Hope for Cat in Queensland Lyme treatment
After years of trusting the hospital system to aid my recovery, the politics of my disease stands in the way of me regaining any sense of my past life.
I contracted Lyme Disease six years ago when I was visiting family in up state New York. I have not had any sense of normalcy since.
Living with this disease means I am in constant debilitating pain. The extreme inflammation throughout my body has left me with seizures, fits, vision impairments, cognitive dysfunction, arthritis, unbearable headaches, and wide spread nerve pain. I am no longer able to manage basic day to day tasks.
Leaving the house on days I can means I am reliant on my Assistance Dog, a carer, or both.

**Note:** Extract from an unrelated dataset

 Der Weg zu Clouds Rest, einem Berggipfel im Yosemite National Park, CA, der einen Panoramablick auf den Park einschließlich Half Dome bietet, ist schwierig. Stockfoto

More recent allergic reactions to anti-convulsant medications means that my Assistance Dog is more vital than ever, she is able to warn me of oncoming episodes. Things like fits can be triggered by something as simple as standing.
The main hospital system is unable to help me further due to outdated policies about a disease they know little about. I have been hospitalised countless times, including ketamine infusions for pain relief. I have exhausted every option the regular system has been able to offer with no success.
My only hope for effective treatment is with a specialised clinic in Queensland.
For which I am expected to organise and pay for myself, with no medical aid.
This clinic is experienced with vector born diseases such as mine, and will provide a multi system attack on the cunning bacteria causing my illness.
The treatment involves multiple IV antibiotics, hyperthermia treatment, heating the body, and vitamin and mineral transfusions to aid the attack and build immune defence.
This treatment will be undertaken over 4 weeks. It is an intense, exhausting, and extremely confronting option. It is also the only option I have left.
I am usually not one to ask for support, and those who know me well know how stubborn I usually am when it comes to doing things on my own.
But I can't do this on my own anymore, I am tired, I am spent, and I have had enough.
I would be forever appreciative of anyone who can donate toward helping me access this potentially life changing treatment. I cannot put into words how much this opportunity would mean to me, even for minimal improvement in my condition.
Without your help, I am set to continue losing my independence and quality of life to this horrendous disease.
Thank you for any help you can offer.